11:30 AM – I reread the flyers, working out my strategy. I notice the fine print and see phrases like, “Five per store,” and “No rain checks.” Rain checks are for baseball games – what does this all mean?

5:30 PM – The week’s news stories are filled with warnings about Black Friday. “How to Survive Black Friday” is a popular headline (stop, drop and roll, I suspect) as is “Black Friday’s Dirty Secrets.” The unfortunate word choice of “Door Busters,” used to describe the best deals imaginable, isn’t lost on me. A Long Island Wal-Mart worker was killed on Black Friday 2008 when a crowd couldn’t wait any longer, burst past the doors and trampled the young man to death. I might pin my home address and blood type to my own bubble jacket in case things go awry.

6:00 PM - My 14-year old son Sam agrees to join me. He’s faster and stronger and pines openly for a new video game, assuming it’ll be his reward for joining me. “We’ll get it at Best Buy on sale,” he announces. We agree to start the night at the Tanger Outlet mall in Tilton, twenty minutes north and end our excursion at Best Buy in Concord.

11:20 PM – A lone spotlight scans the night sky over Tilton as we park and head towards the mall. There are so many people here that it’s unnerving. The mood isn’t what I’d call “festive,” despite the quartet playing Christmas carols on their flutes and horns. Scores of people walk the concourse, some standing in lines dozens deep, waiting for stores to open. I meet my sister and her friend, and we part ways immediately. There’s no time for family on Black Friday, unless a loan is necessary.

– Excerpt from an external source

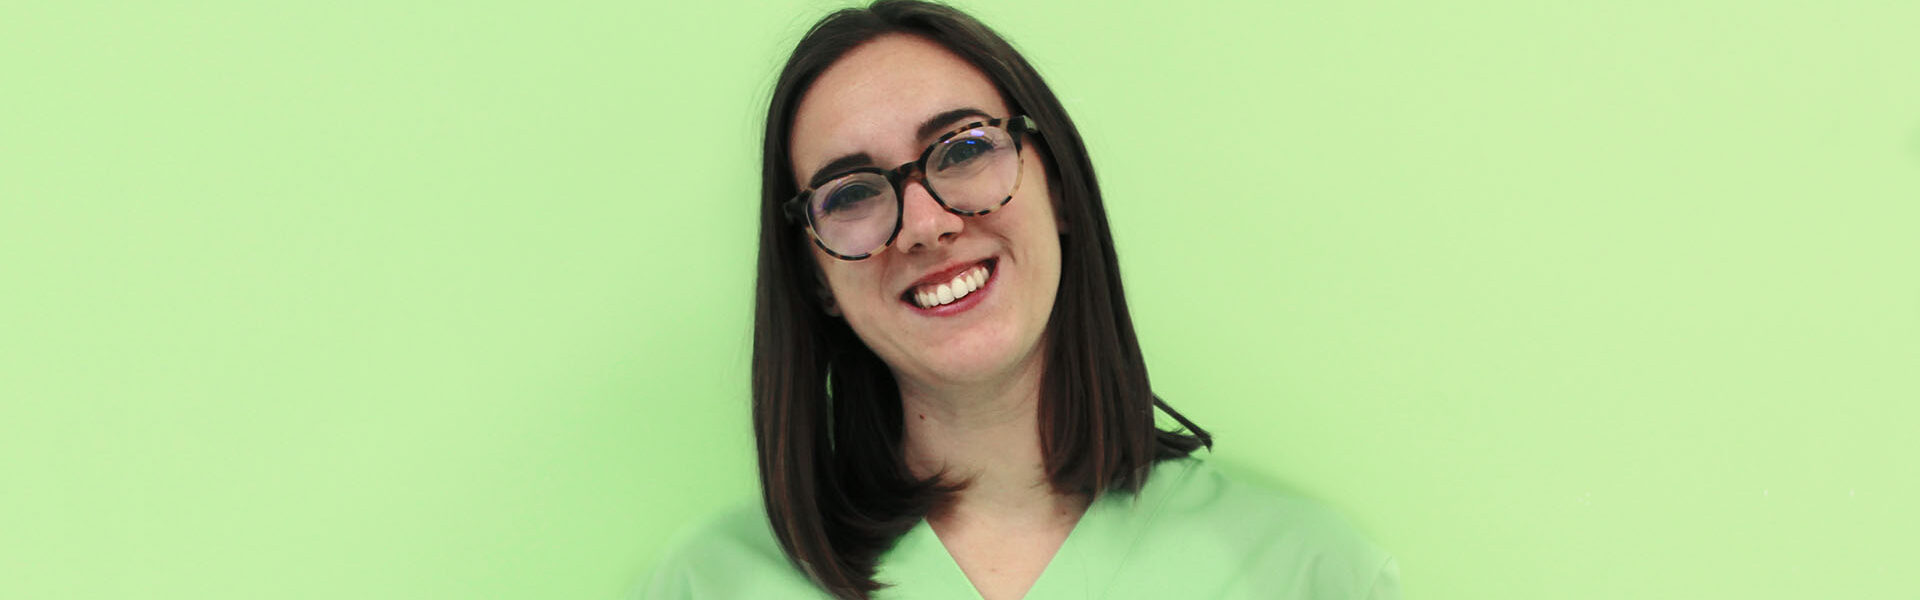 Flavia Pizzicarola, Logopedista

11:35 PM – Standing in the middle of the Nike outlet, we try on jackets, pullovers and shirts. Sam grabs a bag of socks with the word,”Irregular” on it. Pirates would have loved this place.

11:50 PM – Lines outside stores like J Crew, Ralph Lauren and The Gap are growing. The sidewalks teem with shoppers, none of whom seems to want to be here, especially the two toddlers in a dual stroller whose mom wedges them through the crowd. I’ve seen better parenting choices but keep it to myself and run to find Sam, who’s in Banana Republic, looking for a jacket for his mom. The store’s a whirlwind of frenzied shopping. Everything in the store is 50% off tonight, and you’d think a lifetime of free healthcare’s included with every flat-front khaki trouser sold because people are giddy, their arms filled. We learn the jacket (“with toggle buttons”) was gone weeks ago and leave empty-handed. Besides, how many cowl-neck safari picnic jackets with matching print scarves can one person buy in a night?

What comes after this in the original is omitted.